We have seniors also. The same people that have always been on top are still on top. Not many names have changed.


----------



## Manny (Apr 13, 2012)

I have never used an electronic hogu and never will I think, I am not a competition fan very simple, but if I were a competitor who used full power kicks I will feel terrible if the other guy using only snap kicks with no power will win over me, because I think TKD is a Martial Art and not a tag game.

When I do kyorugi I use for safety sake the normal hogu and I fight not for points, I eman I am not counting the points I have scored or the points the other guy is doing to me, the only thing I am care of is my head/face and offcourse to not get a full powerfull kick to my torso. Wining or losing is not my game my game is to try to control my oponent and to be better than him and overcome him.

Here in my town the average dojnag still uses the normal hogus with sucess, in local and even statal competitions not every division uses the electronic hogus, we still use the silly button box to score.

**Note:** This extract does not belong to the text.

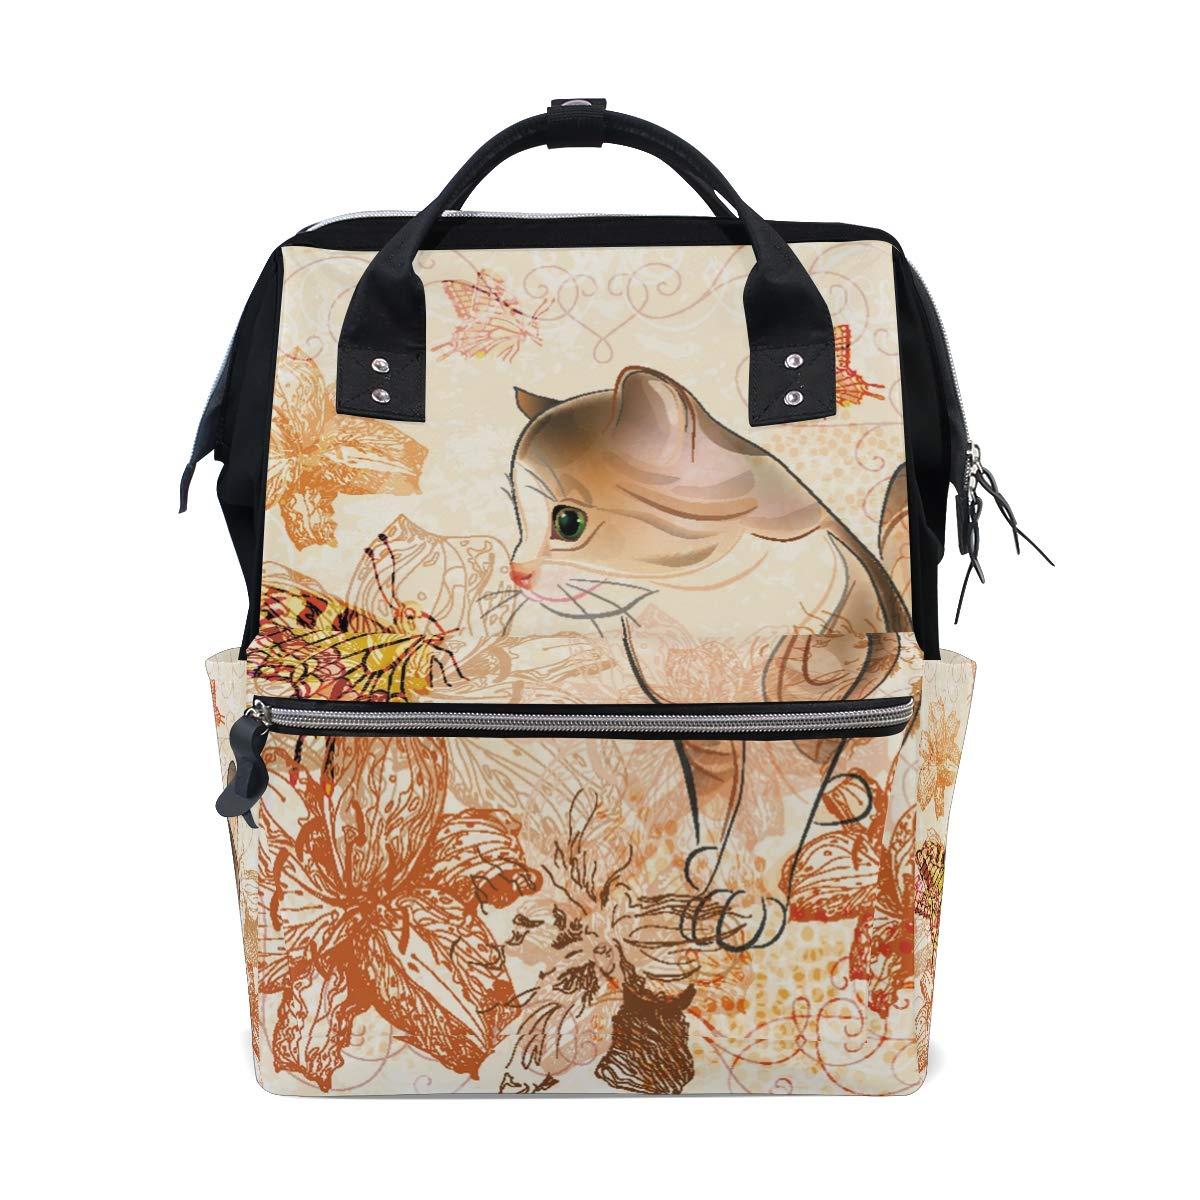 MERRYSUGAR Diaper Bag Backpack Cute Cat Flower Floral Multifunction Travel Bag

Maybe because I am not inside the competition circuits I can write the way I do about the electronic devices to measure the power and to get points.

I think when e-hogu and e-helmet will be set in aprpopiate maner the only thing a ring or combat area will have is the central referee to moderate the fight, the couches and the PC and maybe a paramedic just in case and that's all, the silly blue and red cards will be gone and the machine will declare a winner of a the GAME.

Manny


----------



## puunui (Apr 13, 2012)

ATC said:


> We have seniors also. The same people that have always been on top are still on top. Not many names have changed.



How many of your seniors medalled in the black belt divisions at nationals? Are you planning on taking a team to the upcoming team trials the last week of April?


----------



## ATC (Apr 13, 2012)

puunui said:


> How many of your seniors medalled in the black belt divisions at nationals? Are you planning on taking a team to the upcoming team trials the last week of April?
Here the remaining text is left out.